Sudah sangat maklum apabila ada anggapan bahwa nilai adalah hal pertama
yang harus dikejar di sekolah. Seolah tidak lekang oleh waktu, anggapan itu
masih ada hingga bocah-bocah yang dulunya memakai seragam hitam putih, kini
menjejakkan kaki di pelataran kampus. Pada sudut-sudut tertentu, pada suatu
saat, pertanyaan soal Indeks Prestasi (IP) pasti muncul ke permukaan, terlebih
ketika akhir semester. Maka, untuk mendapatkan hasil maksimal, pekerjaan
mencontek pun kembali tumbuh menjadi kebiasaan kala otak seperti berhenti
berpikir.
Tidak semua penugasan yang diberikan dosen dapat dikerjakan dengan
mencontek. Akan tetapi, penugasan yang memberi peluang untuk mencontek itu
tetap ada, terlebih ketika ujian akhir berupa ujian tulis. Bisa jadi ketika
pulpen sedang berpikir untuk menuliskan sesuatu, mata sang empunya pulpen
menyisir seisi ruangan mencari peluang untuk mencontek. Pun pada pekerjaan
rumah, mungkin saja seorang mahasiswa bentuk mencontek berupa plagiasi secara
tidak sadar. Arus informasi yang begitu pesat sangat memungkinkan hal tersebut
terjadi.
Sumber: Kompasiana |
“Tentu saja ada rasa puas dan tidaknya,” begitu kira-kira tanggapan yang
muncul ketika muncul nilai baik yang didapat melalui pekerjaan mencontek. Di
satu sisi, ia beruntung karena nilai yang diharapkan tercapai. Apa kabar orang
tua di rumah? Tentu nilai ini dapat menjadikan rasa rindu mereka tergantikan,
bahwa inilah anak yang telah berhasil menuntut ilmu di perguruan tinggi. Jika
berbicara soal rasa tidak puas, tentu terbentuk karena kepalsuan yang ada dalam
diri si pelaku mencontek. Sejatinya ia tidak mendapatkan apapun atas
pekerjaannya, kecuali hanya seonggok nilai. Ia tidak memahami pengetahuan,
apalagi menguasainya. Setidaknya hal ini tidak sampai pada tingkat terbawah
yaitu, tidak sama sekali.
Bagi sebagian orang yang merenungi pekerjaan menconteknya, pasti ada
suatu rasa bersalah di dalam dadanya. Akan timbul dorongan untuk meninggalkan
itu semua. Ada satu titik balik yang ingin dibuat. Ada kesadaran bahwa mereka
adalah orang yang gagal, tetapi tidak seluruhnya. Masih ada setitik harapan
untuk mengubah semua itu. Dan pada titik itu, kehidupan baru mereka dimulai.

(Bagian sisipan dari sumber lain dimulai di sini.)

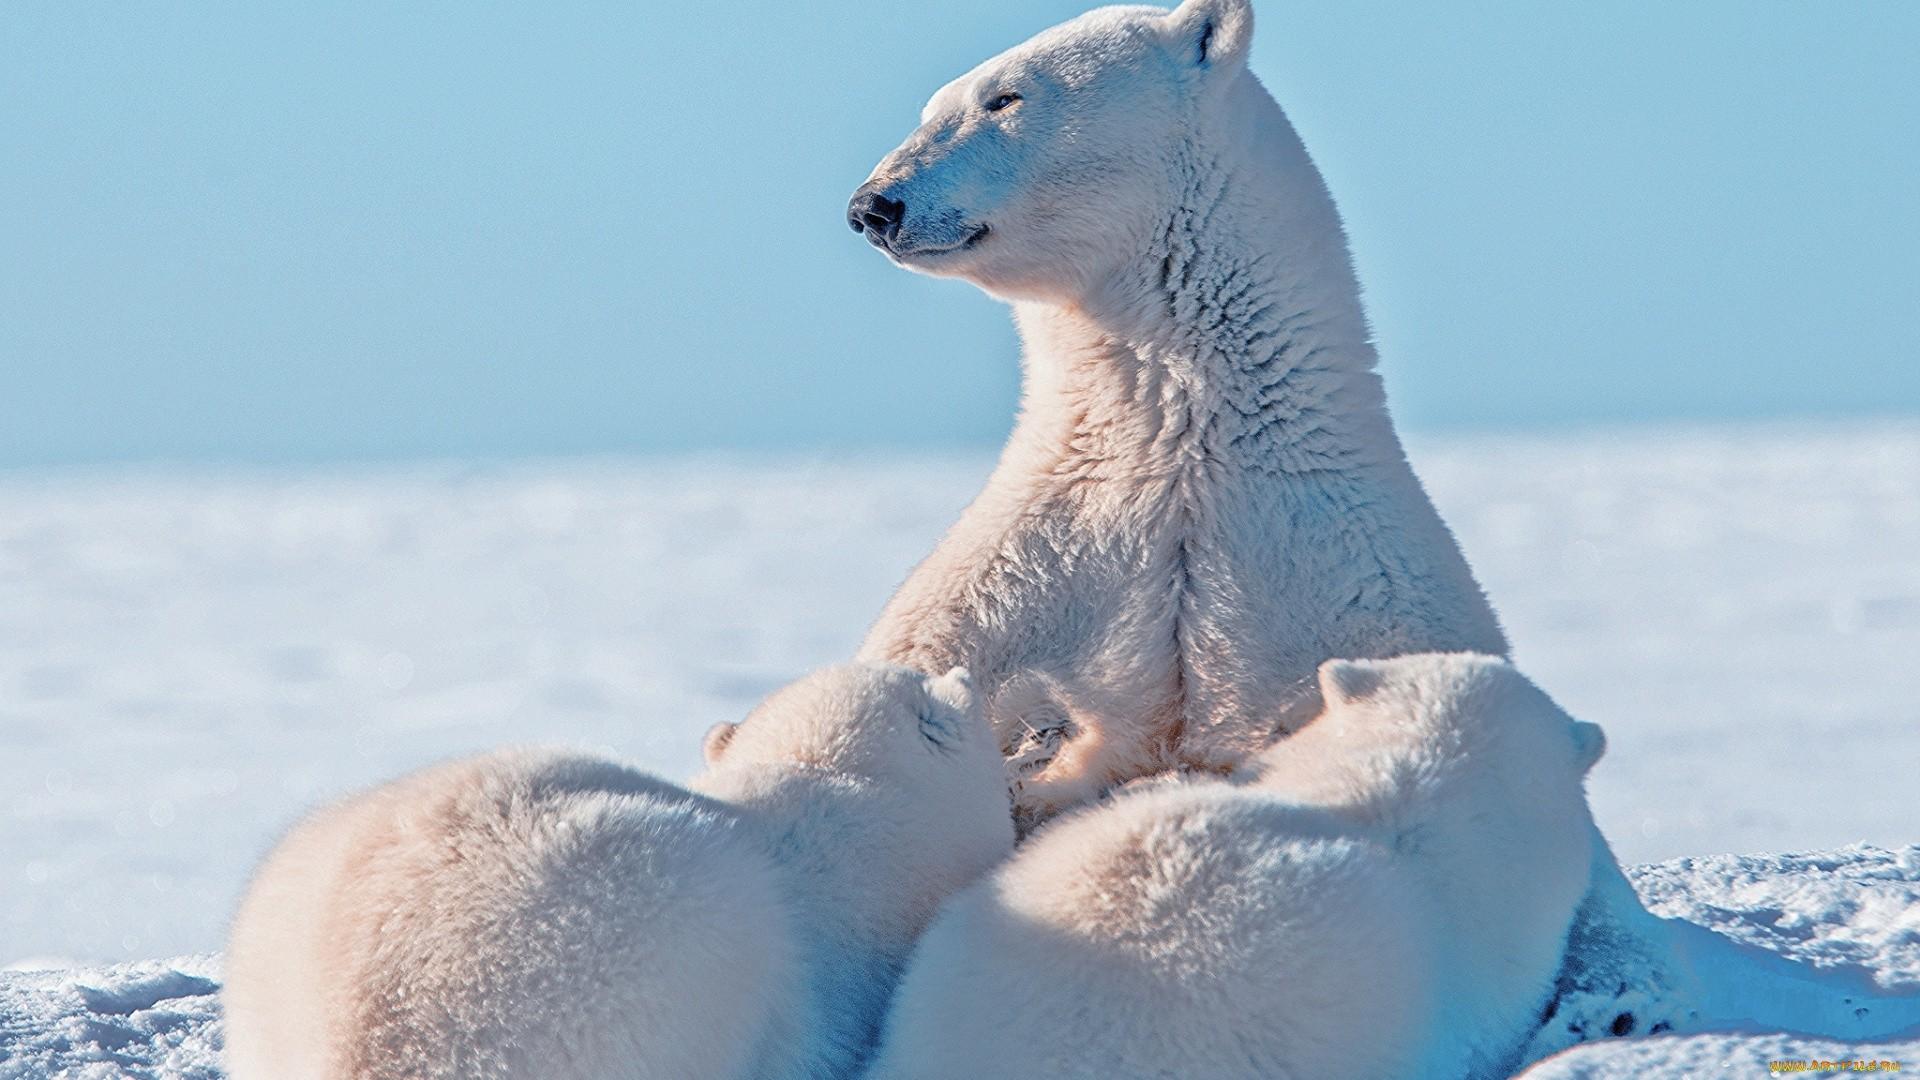 Polar Bear Wallpaper and Background

Bukan perkara yang mudah meninggalkan perilaku yang sudah mendarah daging
bukan hanya pada diri sendiri saja, melainkan hampir di tiap-tiap orang yang
ada di sekitarnya. Ada saja gangguan yang mengusik hati dan pikiran yang
berusaha teguh pada pendirian untuk tidak mencontek. Di sekeliling banyak
sekali bentuk kecurangan. Bukankah mencontek adalah salah satu bentuk
kecurangan itu. Ah, mungkin nasib orang yang bodoh memang seperti ini.
Mencontek salah, tidak mencontek bubrah.
Di ujung jalan itu, suatu saat, mungkin akan kau temui orang-orang dengan
seragam dinas. Pekerjaan mereka lebih banyak di dalam ruangan yang berisi
bangku, kursi, dan papan tulis. Pada sela-sela mengajar, mereka selalu
memperingatkan anak didiknya untuk tidak mencontek. Pada titik itulah, mungkin
mereka baru dapat benar-benar menerima kesalahan mereka di masa lalu. Mungkin
jika kesalahan itu tidak pernah dilakukan, mereka tidak akan benar-benar paham.
Semua itu, berawal dari kesalahan yang sama, mencontek.